Q1: The paper lacks a detailed description of fine-tuning attacks, and the experimental design requires further clarification regarding the rationale behind each choice, including the datasets and models used, as well as the reasons for evaluating or not evaluating certain models.

Thank you for your insightful questions. We give an intuitive explanation in Appendix E.2, and we will add in detailed experiment setup for the fine-tuning attack in Appendix E.2 to improve the clarity.

The reason we exclude the same evaluation on Llama and Pythia is that we didn't find a reliable metric to effectively showcase the change in instruction-following performance as we can do in QA and math-related tasks.

Q2: The incompatibility between fine-tuned model and watermark distillation should be supported with more datasets and fine-tuned capabilities. And the current choice of the mathematical dataset isn't persuasive enough due to its low-entropy property.

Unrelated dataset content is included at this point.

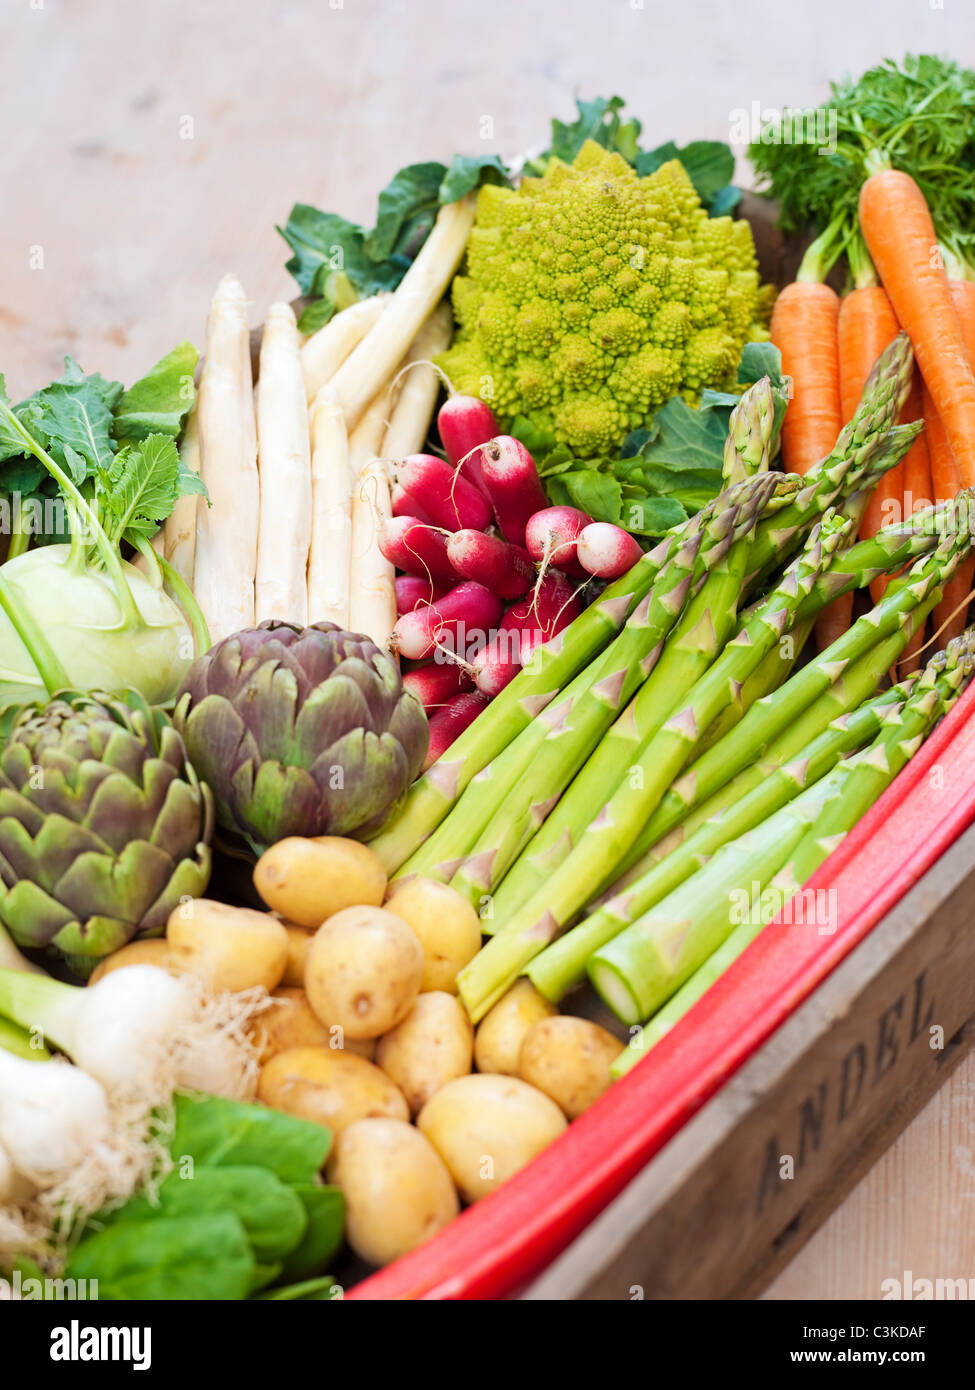 Basket full of vegetables Stock Photo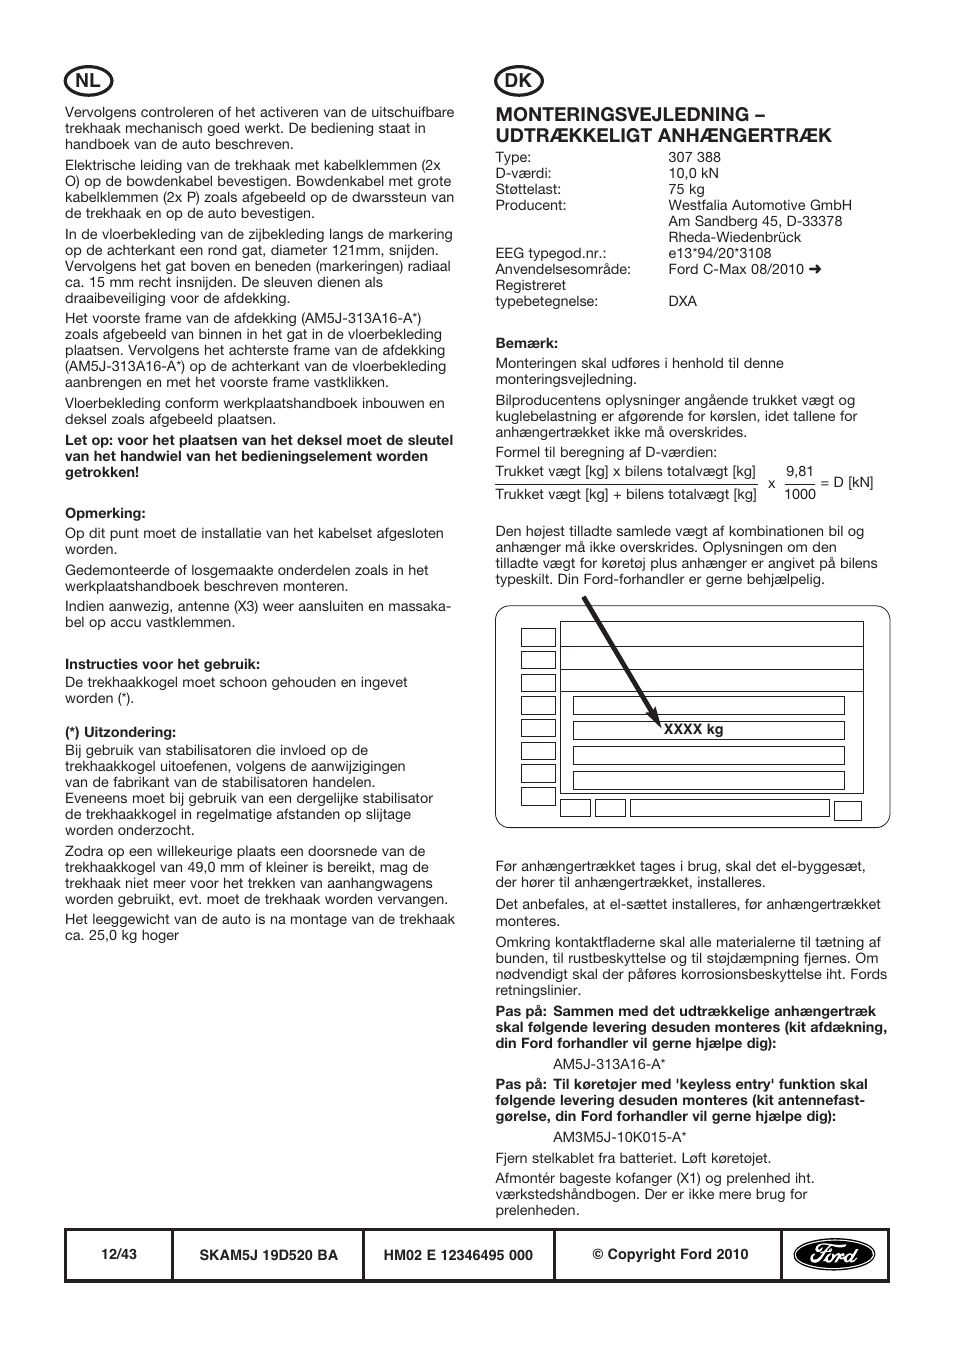 Monteringsvejledning – udtrækkeligt anhængertræk, Nl dk | FORD WESTFALIA  388 User Manual | Page 12 / 43

Thank you for your insightful question. We acknowledge that using a diverse set of datasets would provide stronger support for the incompatibility claim. While we plan to conduct experiments on other datasets, such as summarization and translation, these require model fine-tuning, which prevents us from presenting the results at this time. However, we will update the paper with these results as soon as they are available.

Additionally, we would like to emphasize the changes made to the mathematics dataset to address its low-entropy problem. To balance this issue, we enabled the model to perform CoT (Chain of Thought) reasoning, which not only tests its watermarking capabilities but also enhances its final performance, as demonstrated in Appendix G. In this context, we believe the mathematics dataset serves as a compelling example to illustrate the impact of watermark distillation on fine-tuned capabilities.

Q3: Why not distill a larger model as the results will be more effective.

Thank you for your insightful question. You are correct that larger models can improve both traceability and fine-tuned capabilities. However, distilling a 13B model requires significant computational resources, including at least six A100 GPUs, which are beyond our current capacity. To ensure the robustness and generalizability of WAPITI, we opted to verify its effectiveness using smaller models, such as those in the Pythia series.

Q4: If the parameters differ significantly from the original models across certain dimensions, will WAPITI still be effective on it?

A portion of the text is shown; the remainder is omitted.